Другой случай, где бедность местного населения сыграла свою роль, произошел на Филиппинах. В ноябре 2013 года по стране ударил тайфун «Хайян», один из самых мощных тропических циклонов за всю историю наблюдений. Он привел к оползням, швырял машины, как камни, давил здания и смывал целые поселки. В стране погибло тогда как минимум 6300 человек. По оценке одного местного чиновника, город Таклобан был разрушен на 90 %. Когда стихия улеглась, Мо со своей командой сразу же направился именно туда. Город лежал в руинах. Два года спустя его даже посетит папа римский Франциск и попытается пробудить надежду. На мессу у аэропорта соберется 30 тысяч человек.
Я говорю Мо, что помню ту историю: в The New York Times писали, что тела не убирали неделями. Он отводит взгляд, как будто до сих пор не может поверить в то, что видел. «Хейли, у меня есть фотографии». Он подходит к письменному столу, роется в компьютере и ворчит: «Господи, сколько же чертовых слайдов мне пришлось делать!» Наконец на экране появляется презентация. Вот штаб-квартира миссии: заброшенное здание с одним туалетом, палатки, шаткие садовые шатры, которые служили временными моргами, – ничего более подходящего местные власти предоставить не смогли.

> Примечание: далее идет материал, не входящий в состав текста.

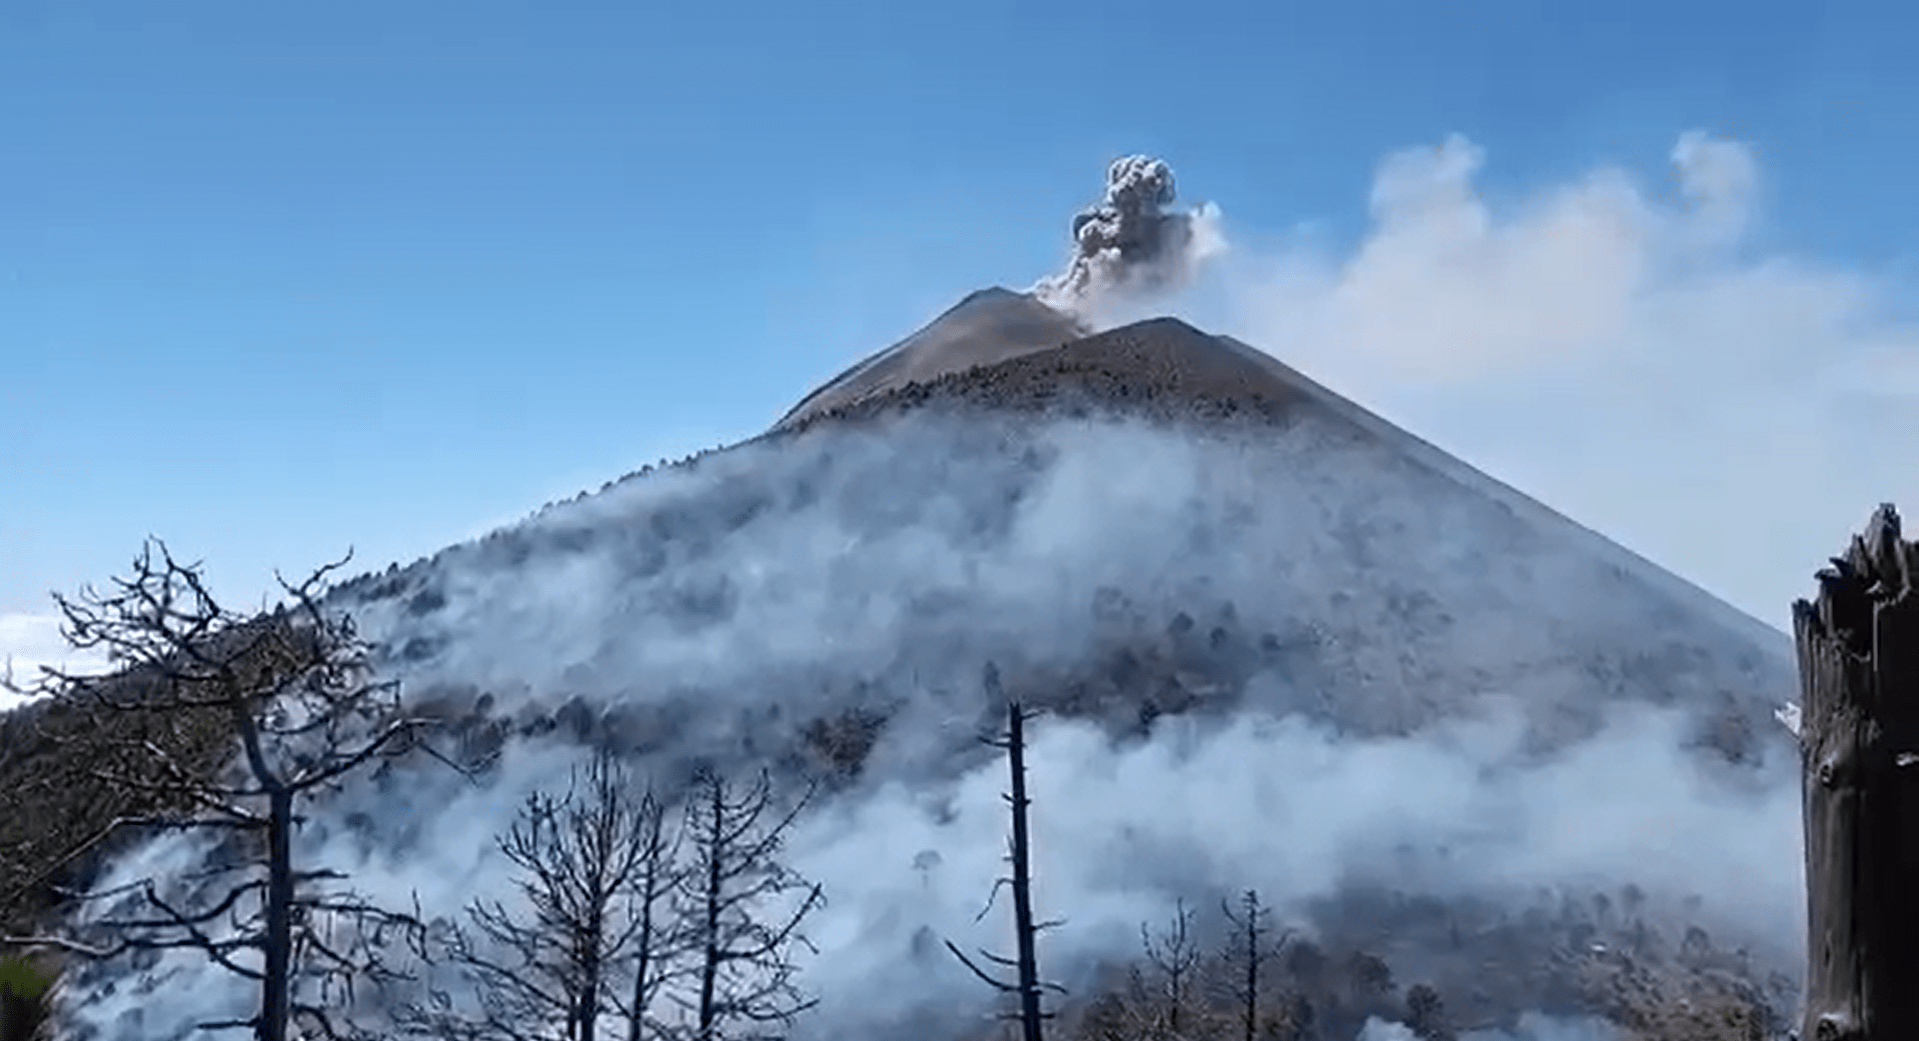 El incendio se extendió tras la erupción del volcán de Fuego. (Foto Guatevisión: Conred)

Официального снабжения моргов в этом районе не было, не было и холодильных камер. На одной из этих беседок надпись «I ♥ TACLOBAN». За ней простирается болотистое поле с тучами москитов и тысячи мешков с трупами. Мешки лопаются на жаре – в то время температура была в среднем 27 градусов Цельсия, а влажность – 84 %. Разложение в таком климате происходит очень быстро, накопившиеся газы разрывают материал, и содержимое разливается лужей. Я спрашиваю о том, чем там пахло. Он отрывает глаза от экрана и замолкает, как будто никогда об этом не задумывался. «Мне кажется, у меня не очень хорошее обоняние. В моей работе это, наверное, даже полезно. Впрочем, на Шри-Ланке 14 часов езды на машине был сладкий запах смерти».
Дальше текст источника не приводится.